Untuk meyakinkan Jerman, Menteri Keuangan AS Janet Yellen mengatakan bahwa rencana kendali AS akan dibatasi pada sejumlah area yang secara langsung memengaruhi keamanan nasional AS, seperti chip, kecerdasan buatan, atau teknologi kuantum. Ia menegaskan bahwa mekanisme semacam itu hanya akan efektif jika sekutu dan mitra berpartisipasi.
Menghadapi bujukan ini, pakar perdagangan Inu Manak mengatakan bahwa bisnis Jerman dan Eropa tentu harus bersiap menghadapi konsekuensi yang luas. Kemungkinan besar, perusahaan mana pun dapat terdampak oleh peraturan baru Washington. Terlebih lagi, perusahaan Eropa yang telah berinvestasi besar di AS tentu akan dikenakan "mekanisme penyaringan" jika mereka berinvestasi di Tiongkok.
Presiden Komisi Eropa Ursula von der Leyen telah menyatakan dukungannya terhadap mekanisme tersebut. Namun, implementasinya di Eropa menghadapi banyak kendala dan kontroversi. Bahkan di Jerman, di mana pemerintah federal telah menyatakan skeptisisme, baru-baru ini Menteri Ekonomi dan Perlindungan Iklim Robert Habeck secara tak terduga menyatakan dukungannya terhadap langkah ini.
Para diplomat Jerman selalu merasa tertekan oleh hubungan istimewa antara sekutu penting dan mitra kunci ini. Salah satu dari mereka mengatakan bahwa pihak AS selalu menyinggung Tiongkok dalam setiap diskusi dengan pihak Jerman; hal itu "hampir seperti obsesi". Hal ini juga disambut dengan skeptisisme yang tinggi dari para pebisnis Jerman.

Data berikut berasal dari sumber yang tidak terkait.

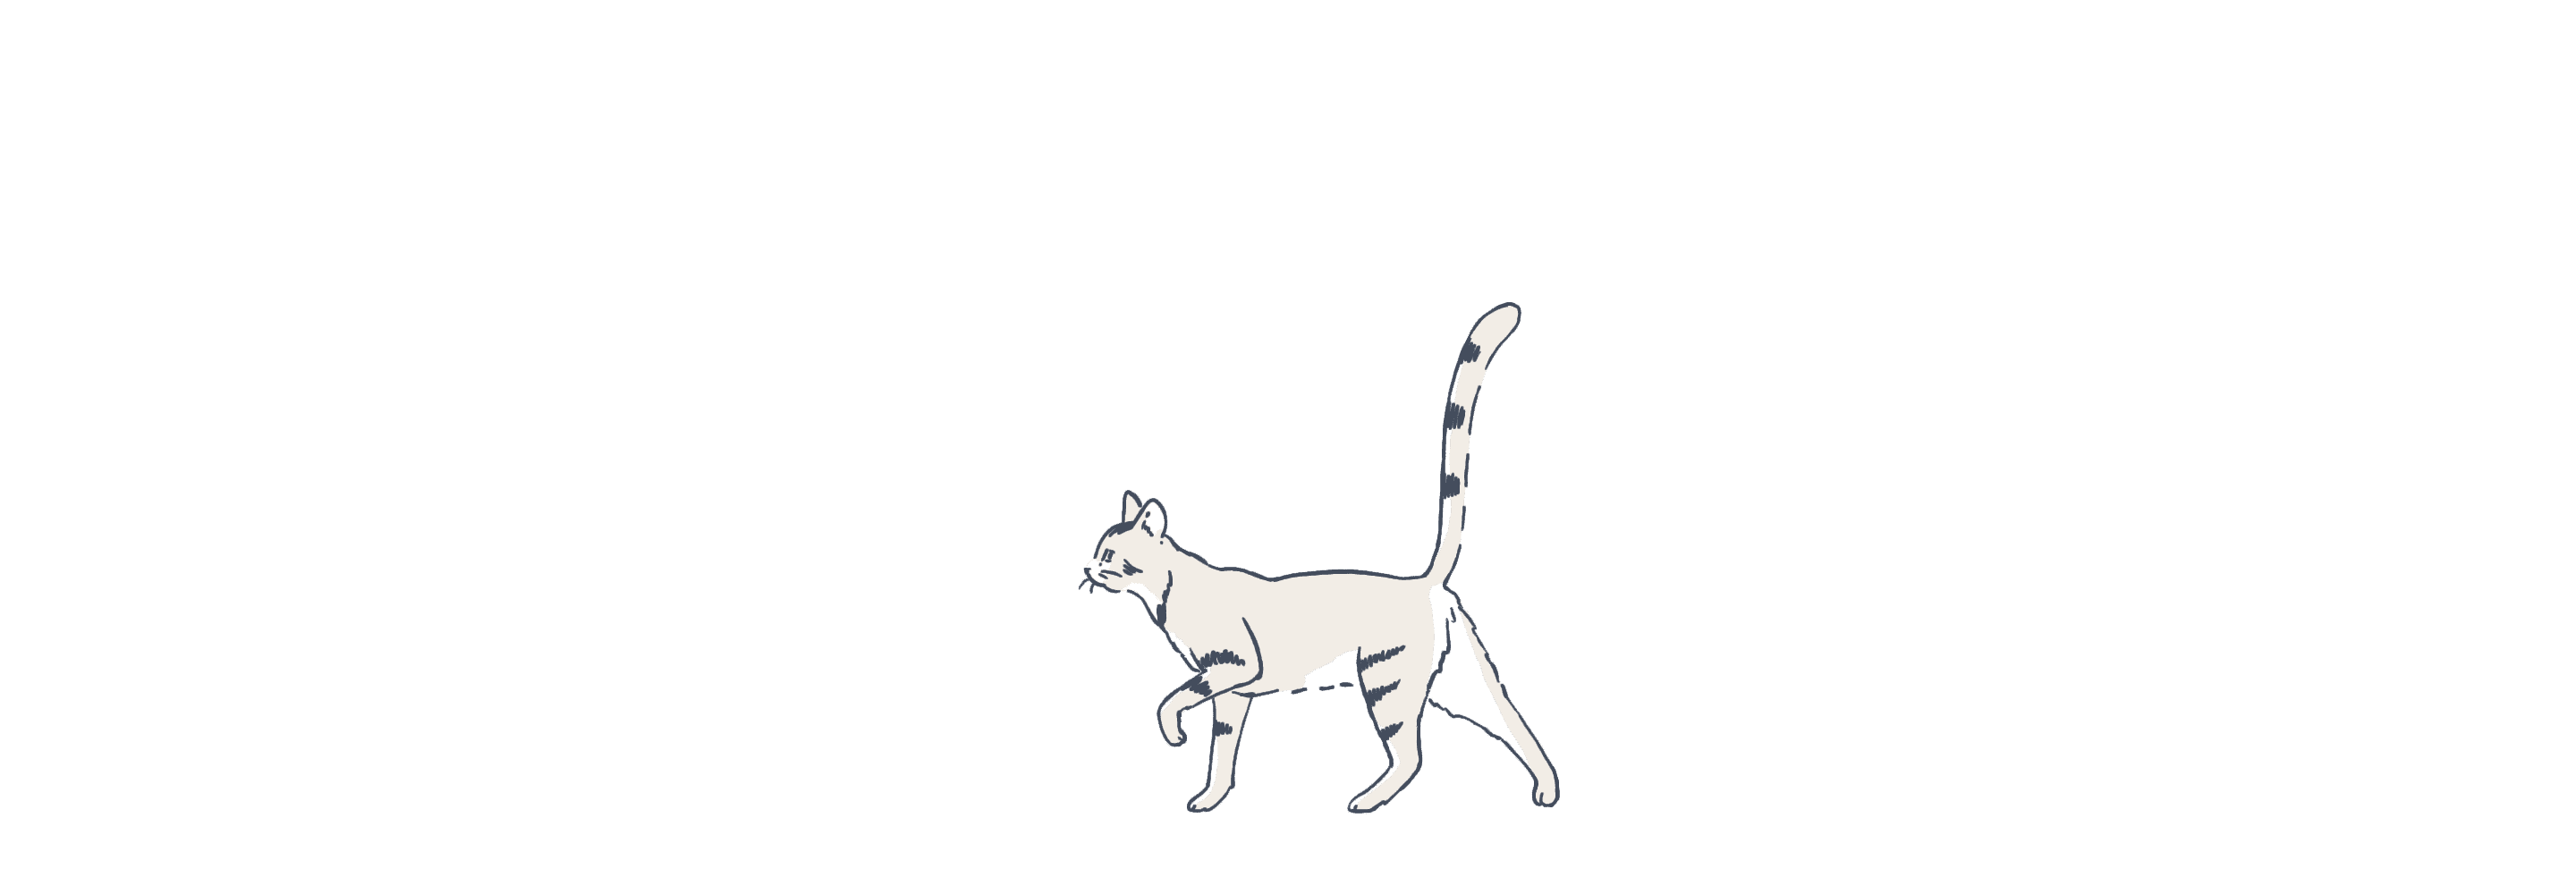 Cat illustration animated

Seorang perwakilan bisnis Jerman telah memperingatkan bahwa sanksi apa pun oleh Washington terhadap Beijing akan berpotensi berdampak pada perusahaan Jerman yang beroperasi di China.
Jika Beijing bereaksi keras, hal itu tidak hanya dapat merugikan bisnis Amerika, tetapi juga investor Barat lainnya. Tiongkok baru-baru ini menjatuhkan sanksi kepada dua produsen senjata Amerika, Lockheed Martin dan Raytheon, serta membuka penyelidikan terhadap produsen cip Amerika, Micron.
Pemerintah Jerman juga khawatir tentang "zaman es diplomatik", dengan kurangnya komunikasi antara AS dan China yang hanya memperburuk masalah.
Di Washington, menghadapi kekhawatiran serupa, pemerintahan Biden terpaksa mengambil langkah-langkah untuk menenangkan opini publik. Oleh karena itu, Washington menyatakan bahwa tujuan kebijakan AS terhadap Tiongkok adalah untuk "mengurangi risiko" dari Tiongkok, bukan untuk sepenuhnya "memisahkan diri" dari negara tersebut secara ekonomi.
Para pengamat juga mengomentari bahwa Presiden EC von der Leyen dan Kanselir Jerman Scholz semakin sering menggunakan istilah ini - yang disebut "pengurangan risiko".